I highly recommend the Carolyn Ann III out of Barnegat for fluke. This is a four hour boat sailing three times most days. It's alot more family oriented although some of the hardcore flukers towards the stern take the sport real serious.

You can stop by Fisherman's Headquarters to find out what's going on beachwise. Kingfish (sand mullet down south) should be in the wash, and schoolie stripers will be hanging around the jetties at the inlet. Backbay fishing for weaks is a specialized game involving chumming with live grass shrimp. 

All the oldtime striper fishermen have a favored hole on the beach that they fish under cover of darkness and would die before giving up the location. If your family member(s) are R-E-A-L good at reading beaches at low tide, they might nail a keeper striper on live surf clam or fresh bunker. This is real specialist fishing and tough to pick up while vacationing.

There are still a few boat rentals on the mainland side of the bay.
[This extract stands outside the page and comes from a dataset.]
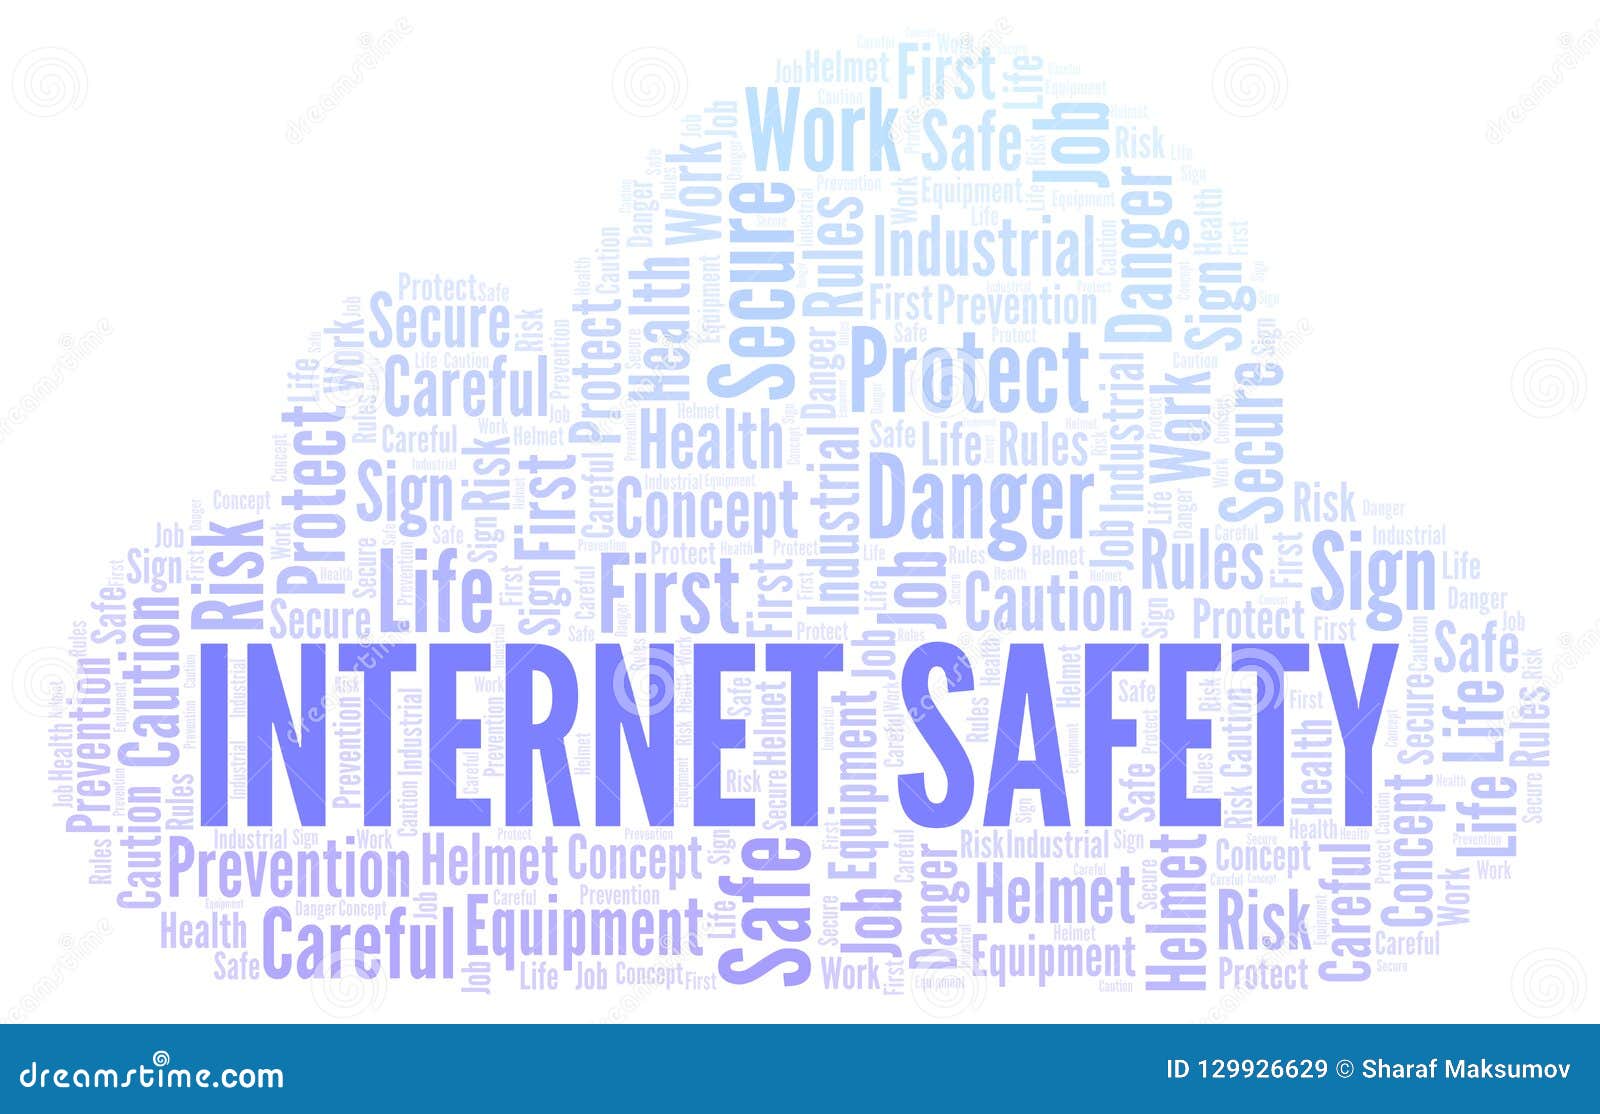 Safety internet rules of Top 15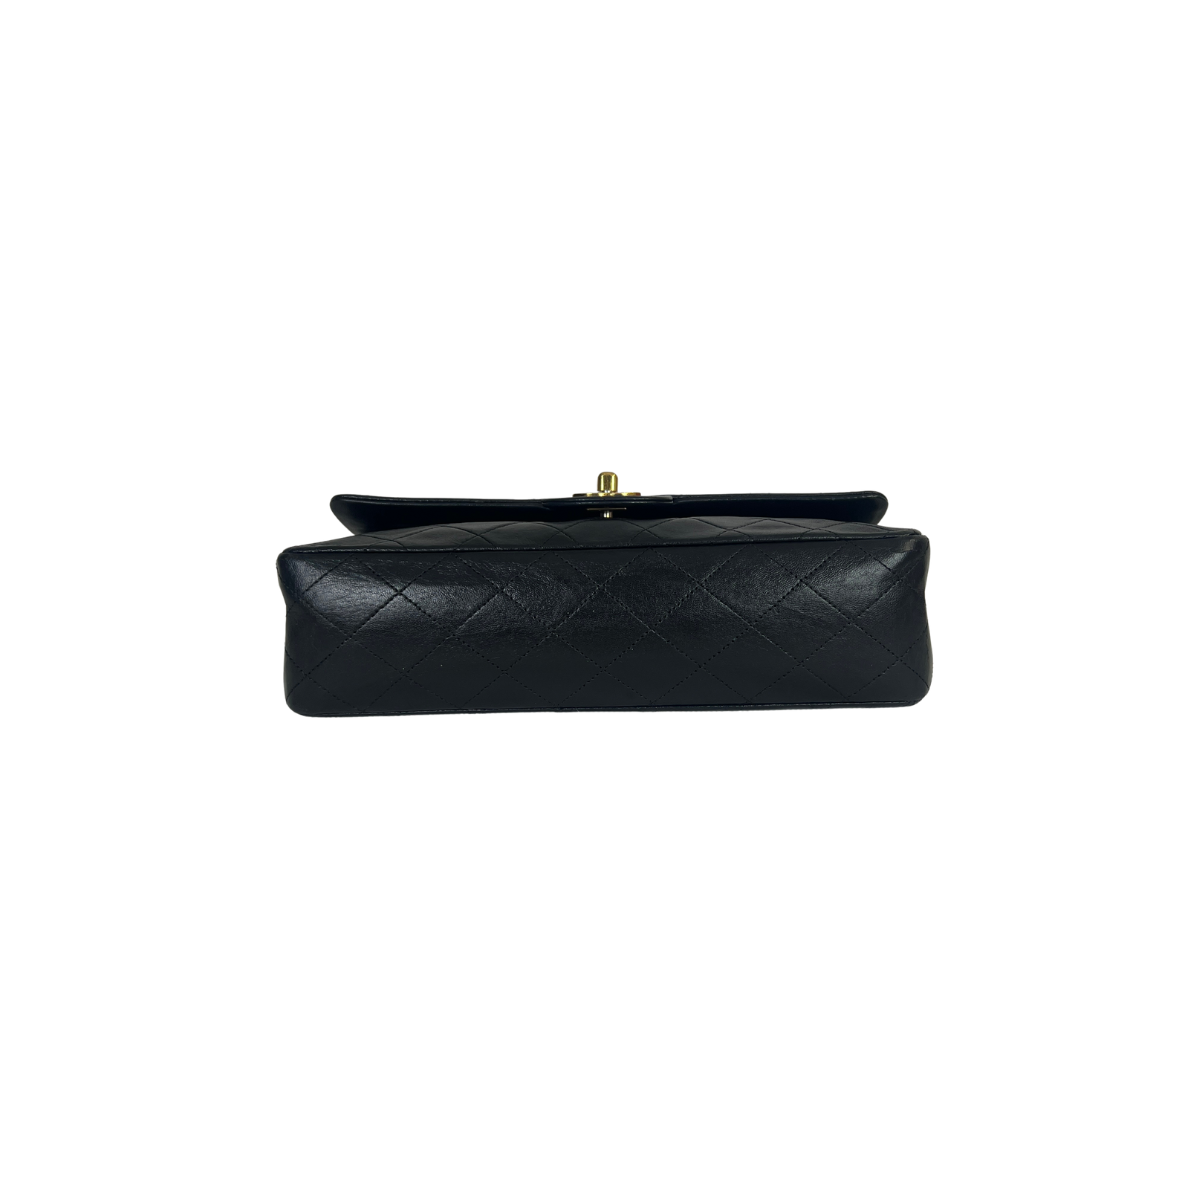 Black Quilted Lambskin Classic Flap Coin Purse

Most are used for crabbing, but setting up a drift in the ICW might yield some nice fluke or weakies, depending on boat traffic. They have two weeks to find a pattern that works, so they should get into some fish.

Last but not least, the water is warm enough that the big sharks will be moving in at night to feed. A four foot gray or brown can keep you busy for an hour....


----------



## mako993 (Aug 14, 2004)

Hello everyone, new member here. I live outside of Washington DC in Northern Virginia, but grew up in the Pine Barrens not far from LBI. I'll be heading up that way next weekend, and will be trying my luck in the surf on the Island there. I'll have an 8 wt fly rod, maybe a casting or bait rod and hope to go for blues. It's been quite a few years since I've been fishing on the Island, but I'm really looking forward to getting back into it. I know the Fisherman's Headquarters very well, and used to stop in there quite often before I cast into the surf in the past. 

On that note - Would anyone have any info on where a good spot to surf cast from along Ship Bottom or the Light area? Even Harvey Cedars, which I hear is pretty good, too. 

Any info is much appreciated, and good to be onboard here!


----------



## Manayunk Jake (Oct 3, 2001)

Greetings mako993!

Welcome aboard! Most of the great holes on LBI are closely guarded secrets, but if you're half decent at reading a beach, you can find good water at low tide during the day and return in the wee hours to fish. Possible fly fishing hotspots include the sod banks of the back bay, and the jetty at the light. Both give up stripers and weaks in addition to blues. You also have a shot at hooking a false albecore on the fly, but they tend to frequent the North Jetty.

Good luck whatever you decide, and please post your report -- good, bad, or downright ugly! You never know what might prove useful to the next fisherman....


----------



## mako993 (Aug 14, 2004)

Thanks for the welcome and the info, Jake...I'll do what I can to find what I can and score on the fly and otherwise, and post my report after next weekend. 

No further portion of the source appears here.